Transcultural Conflicts in Pearl S. Buck’s East Wind: West Wind
M. Sathyaraj Ph.D.
Research Scholar
Dept. of English
Thiruvalluvar University
Vellore
sathyarajmuruganphd@gmail.com
and
Dr. B. Kathiresan
Associate Professor of English
Thiruvalluvar University Vellore
kathirbalu@gmail.comCulture is a notoriously difficult term to define. Culture can be defined as the ways in which people relate themselves to their physical and social environment, and how they express these relationships. Culture refers to the cumulative deposit of knowledge, experience, belief, values, attitudes, meanings, hierarchies, religions, notions of time, roles, spatial relations, concepts of the universe, and material objects and possessions acquired by a group of people in the course of generations through individual and group striving. Culture is a collective programming of the mind that distinguishes the members of one group or category of people from another.

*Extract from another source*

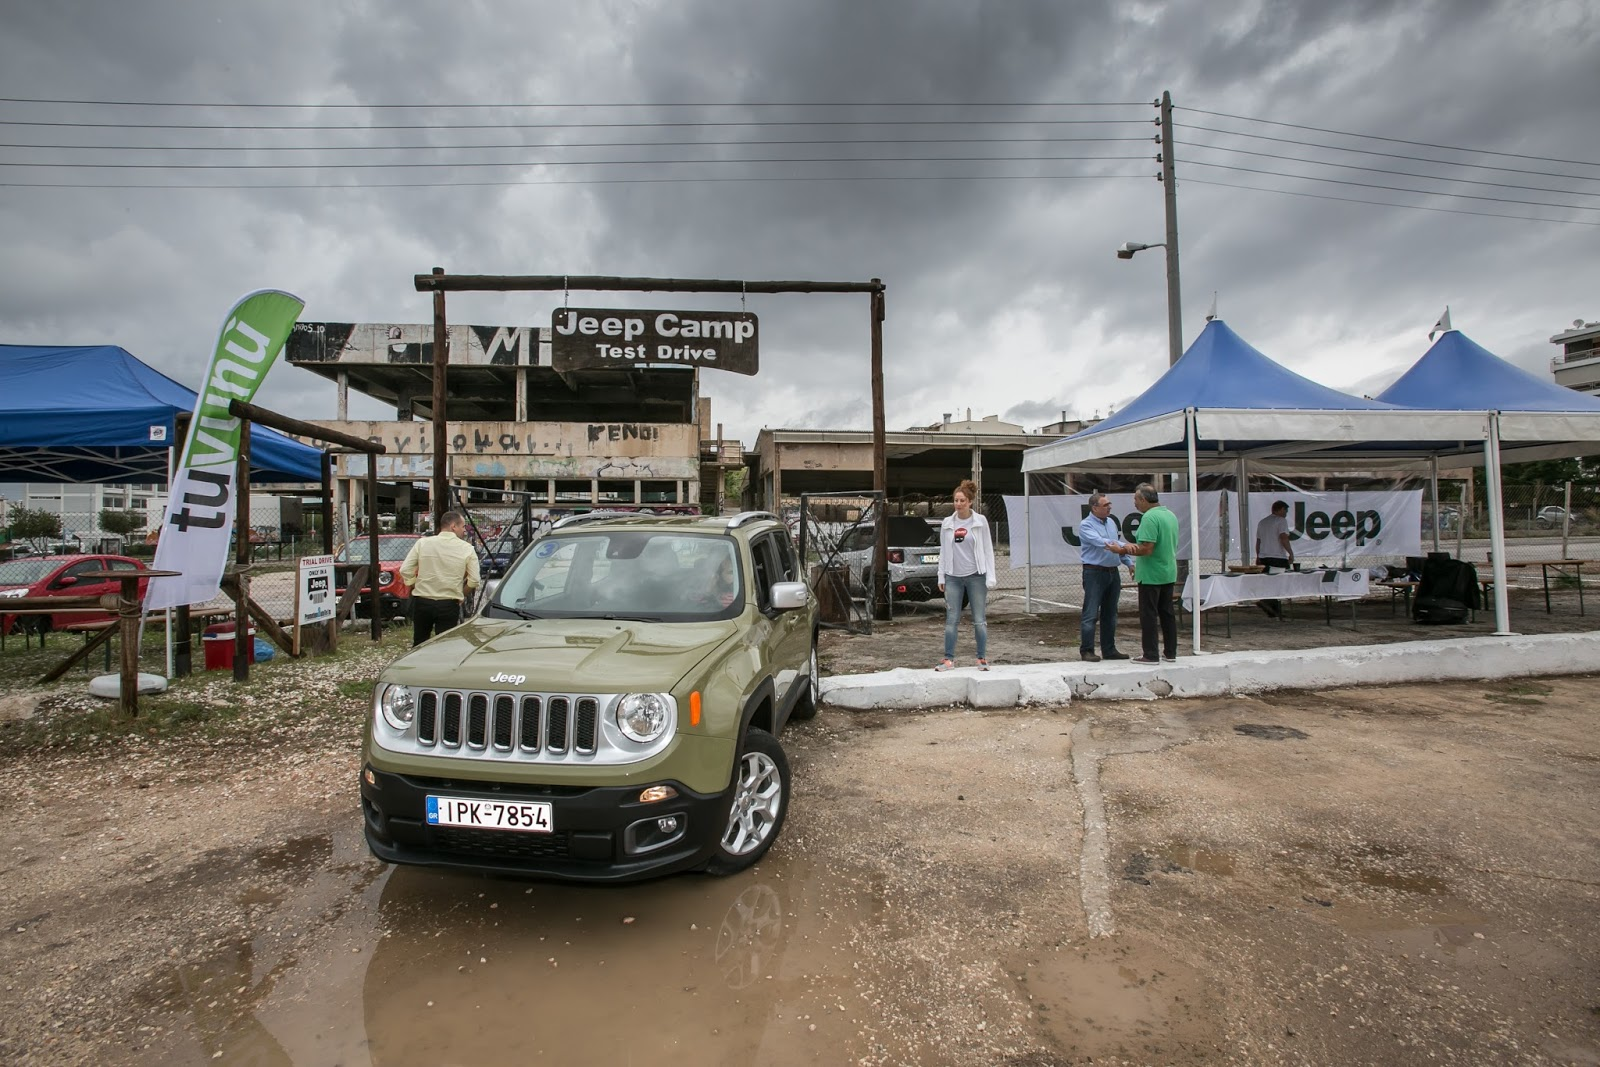 JEEP%2BCAMP GK 0234 Πετάμε ένα Jeep Renegade σε λάσπες, πέτρες, άμμο, λίμνες. Θα τα καταφέρει; Jeep, Jeep Renegade, Renegade, SUV, TEST, zblog, ΔΟΚΙΜΕΣ

A culture is learned, not inherited. It derives from one’s social environment, not from one’s genes. Culture should be distinguished from human nature on one side, and from an individual’s personality on the other, although exactly where the borders lie among human nature, culture and personality, is a matter of discussion among social scientists.
The great majority of our conscious behaviour is acquired through learning and interacting with other members of our culture. Even those responses to our purely biological needs (that is, eating, coughing, defecating) are frequently influenced by our cultures. For example, all people share a biological need for food. Unless a minimum number of calories are consumed, starvation will occur. Therefore, all people eat. In summary, culture affects every aspects of daily life – how one thinks and feels, how one learns and teaches, or what one considers to be beautiful or ugly. However, most people are unaware of their own culture until they experience another. One doesn’t usually think about our culture until somebody violates a culturally based expectation. Cultures are embedded in every conflict because conflicts arise in human relationship.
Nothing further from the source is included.